> **PROBLEM DETAILS**:
Your response to the data below should hold nothing except the lines from the one containing "Karte historischer Gebäude" down to the one containing "Marble Belinda Earrings", reproduced exactly and without pictures.

THE RECORDS: Begin

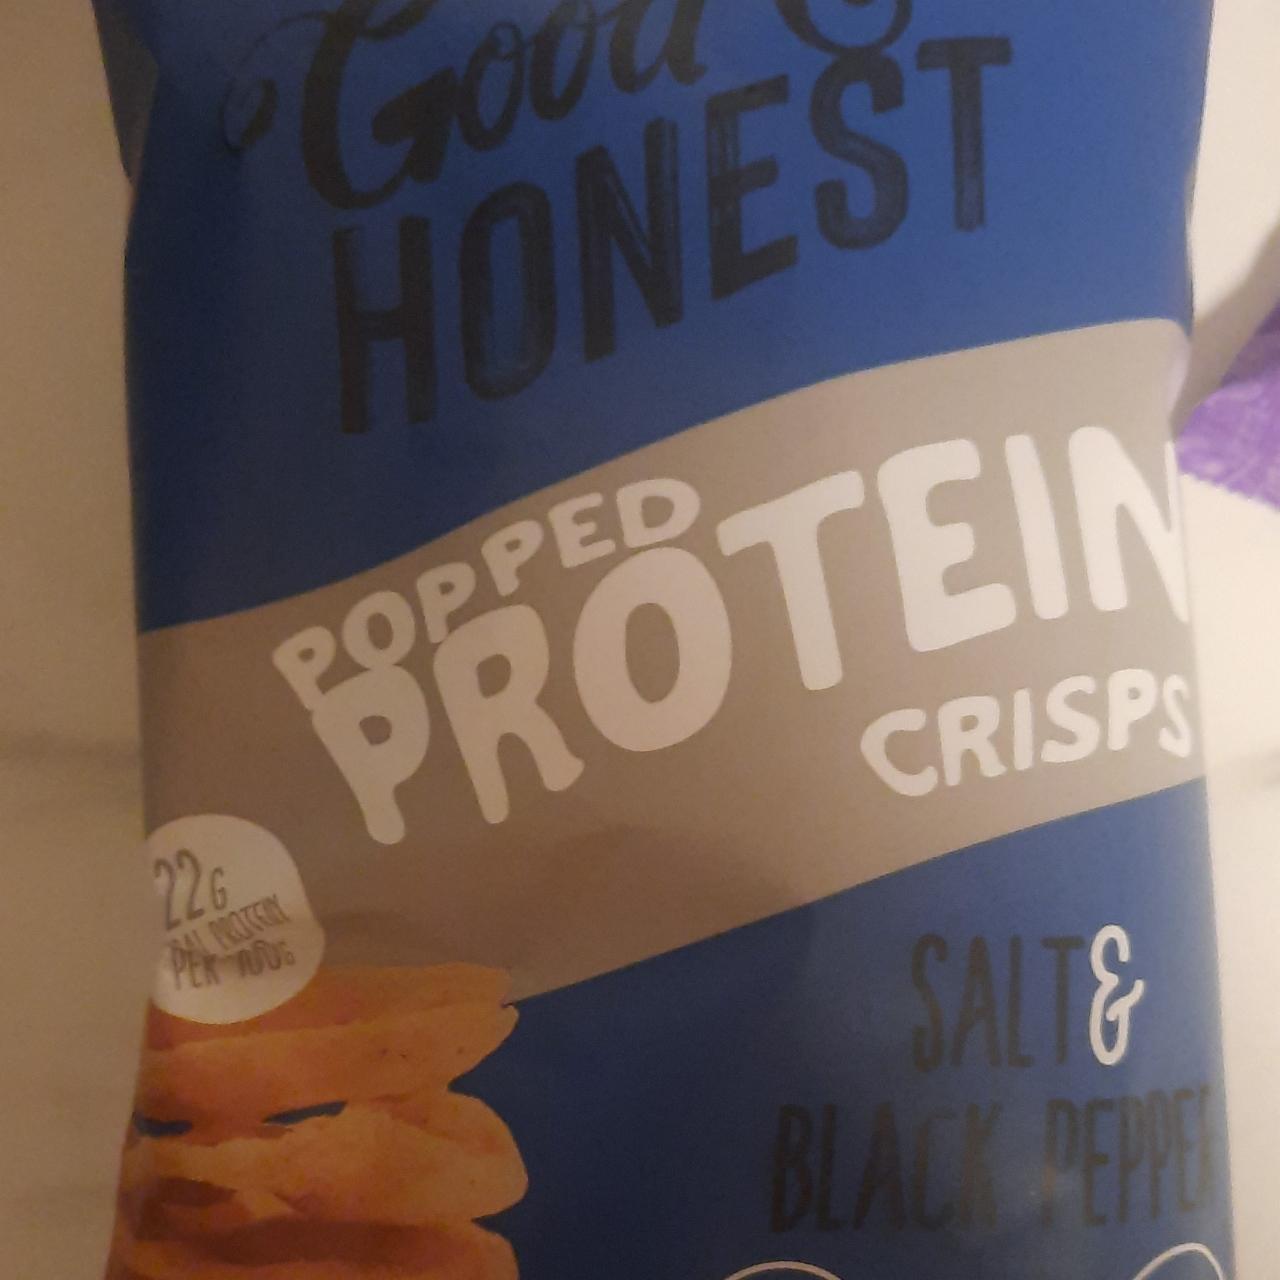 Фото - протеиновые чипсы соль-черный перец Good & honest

THE RECORDS: End
THE RECORDS: Begin

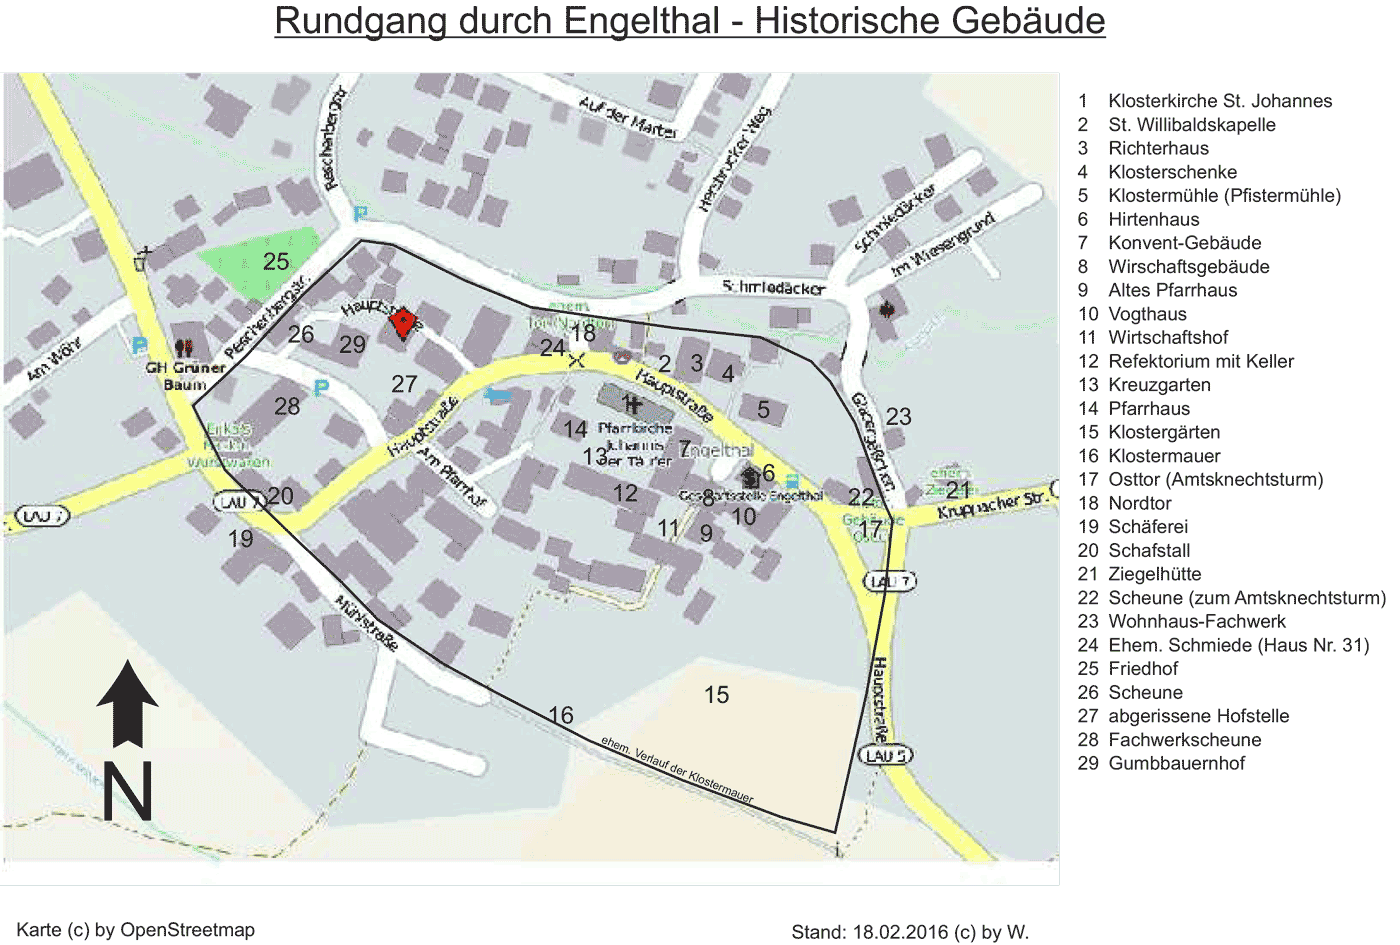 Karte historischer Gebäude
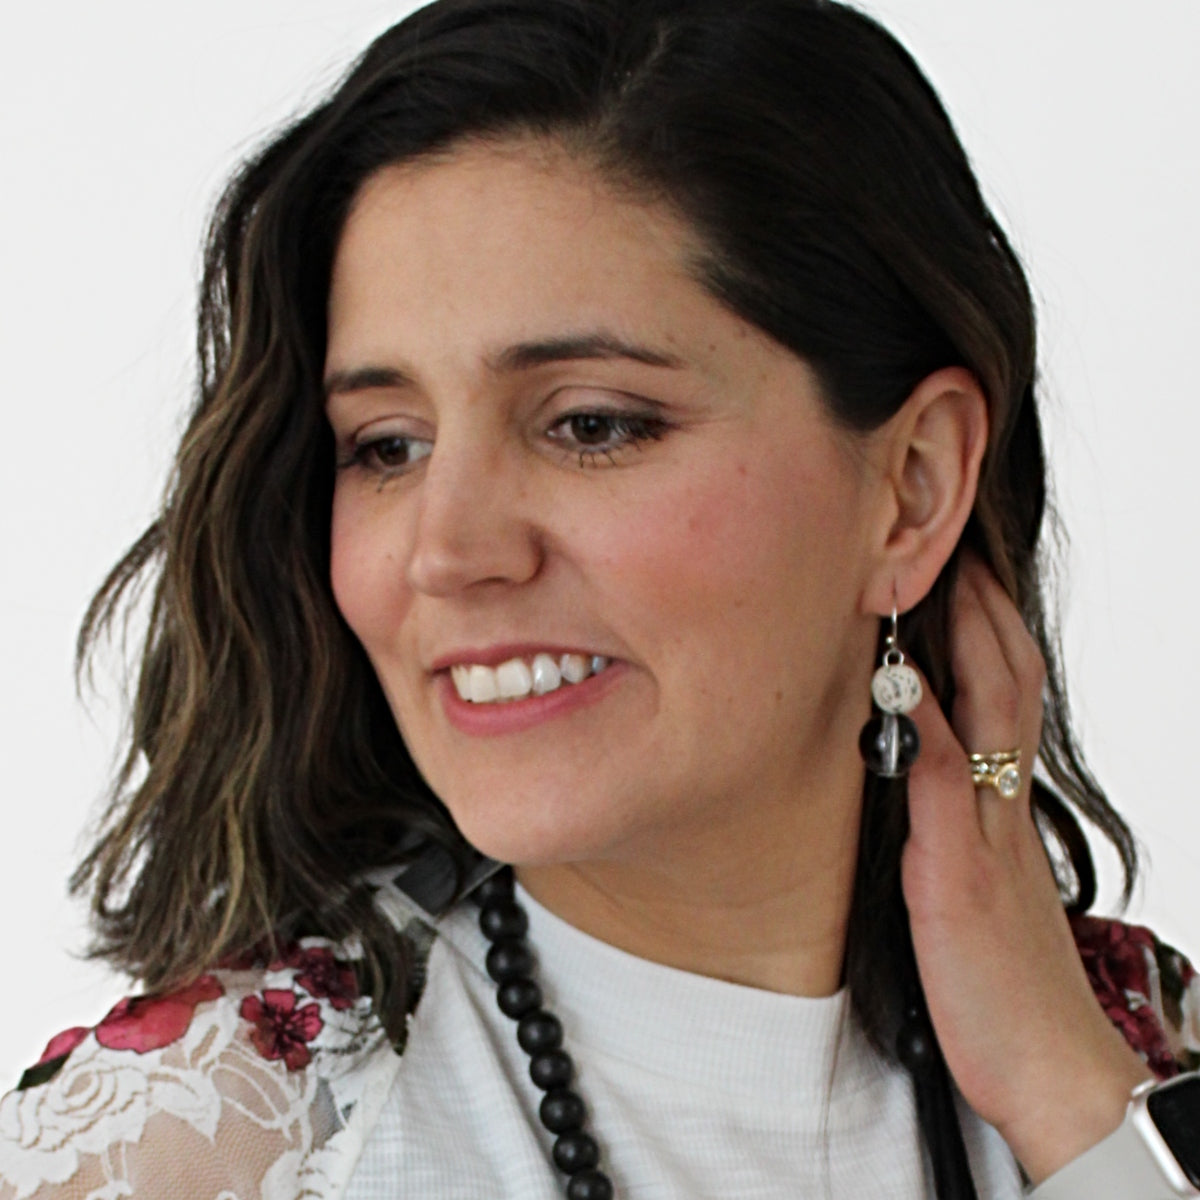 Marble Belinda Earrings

THE RECORDS: End
THE RECORDS: Begin

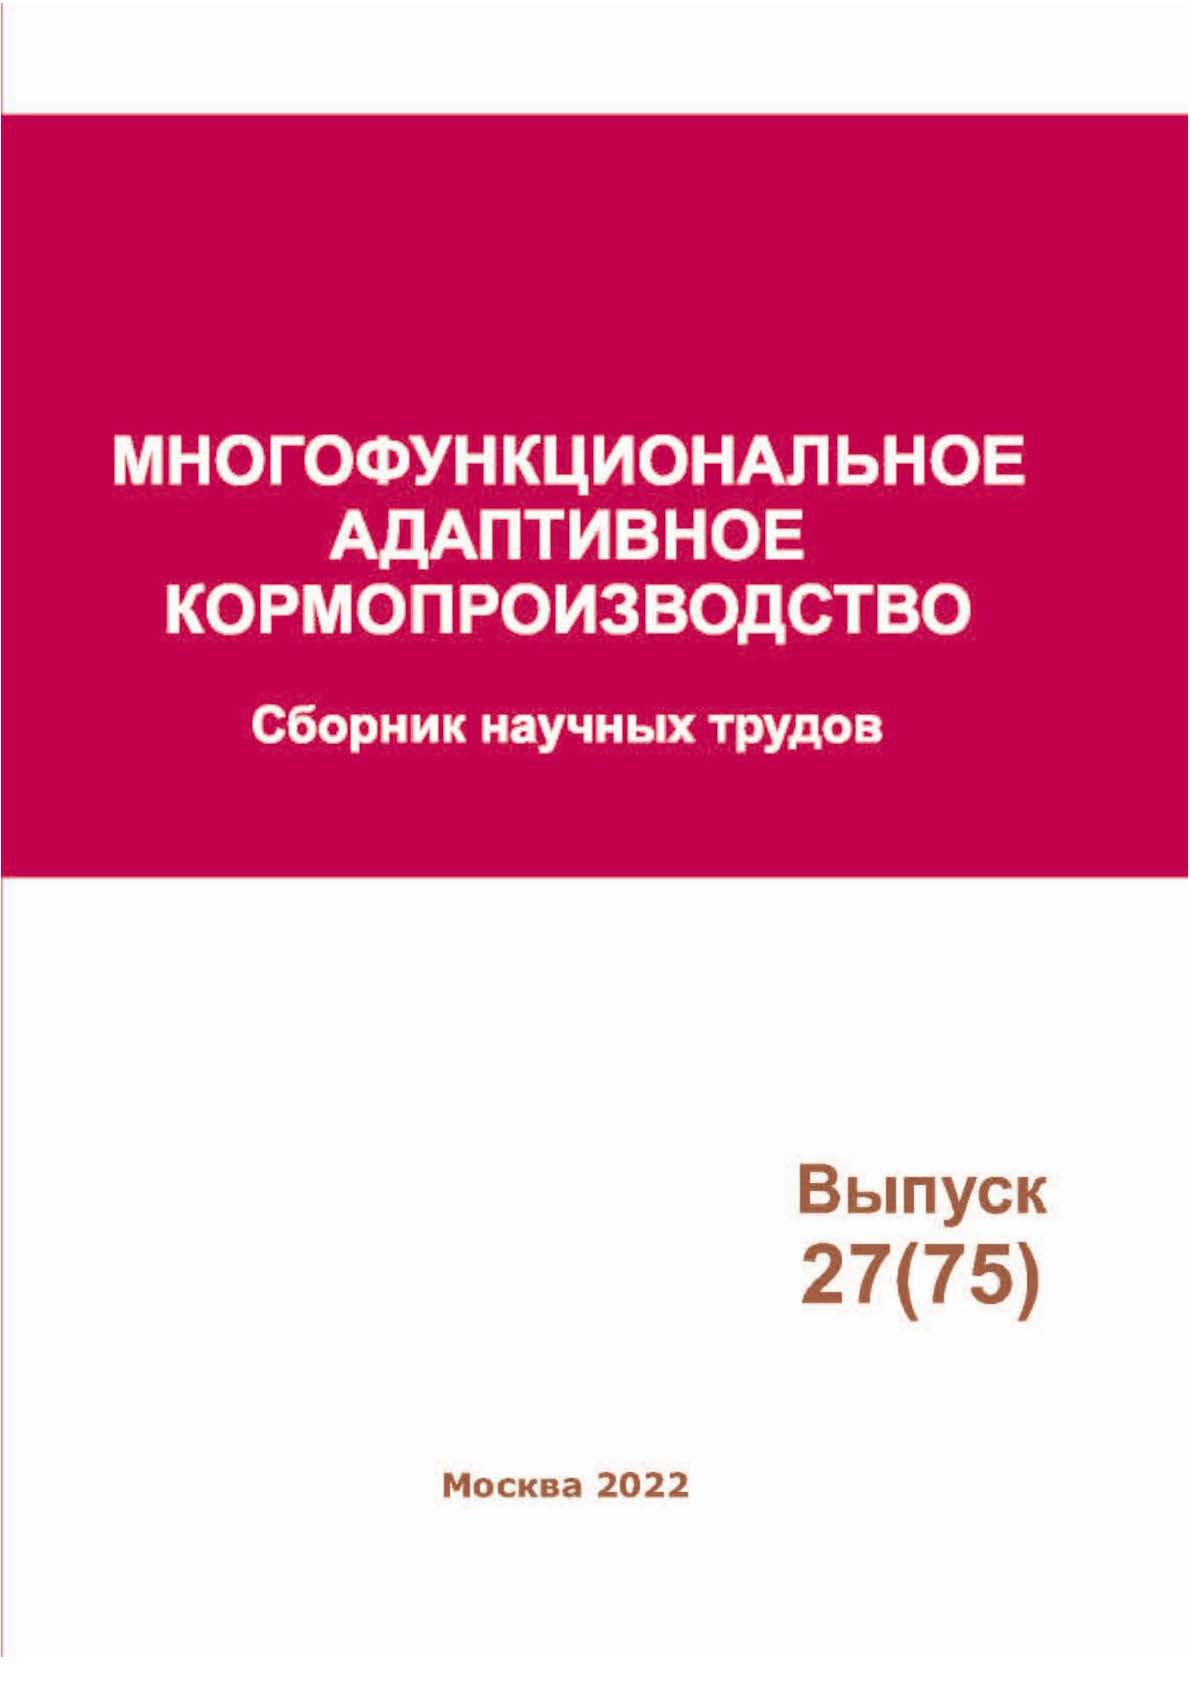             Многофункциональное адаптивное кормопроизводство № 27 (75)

THE RECORDS: End

> **WRITTEN RESPONSE**:
 Karte historischer Gebäude
 Marble Belinda Earrings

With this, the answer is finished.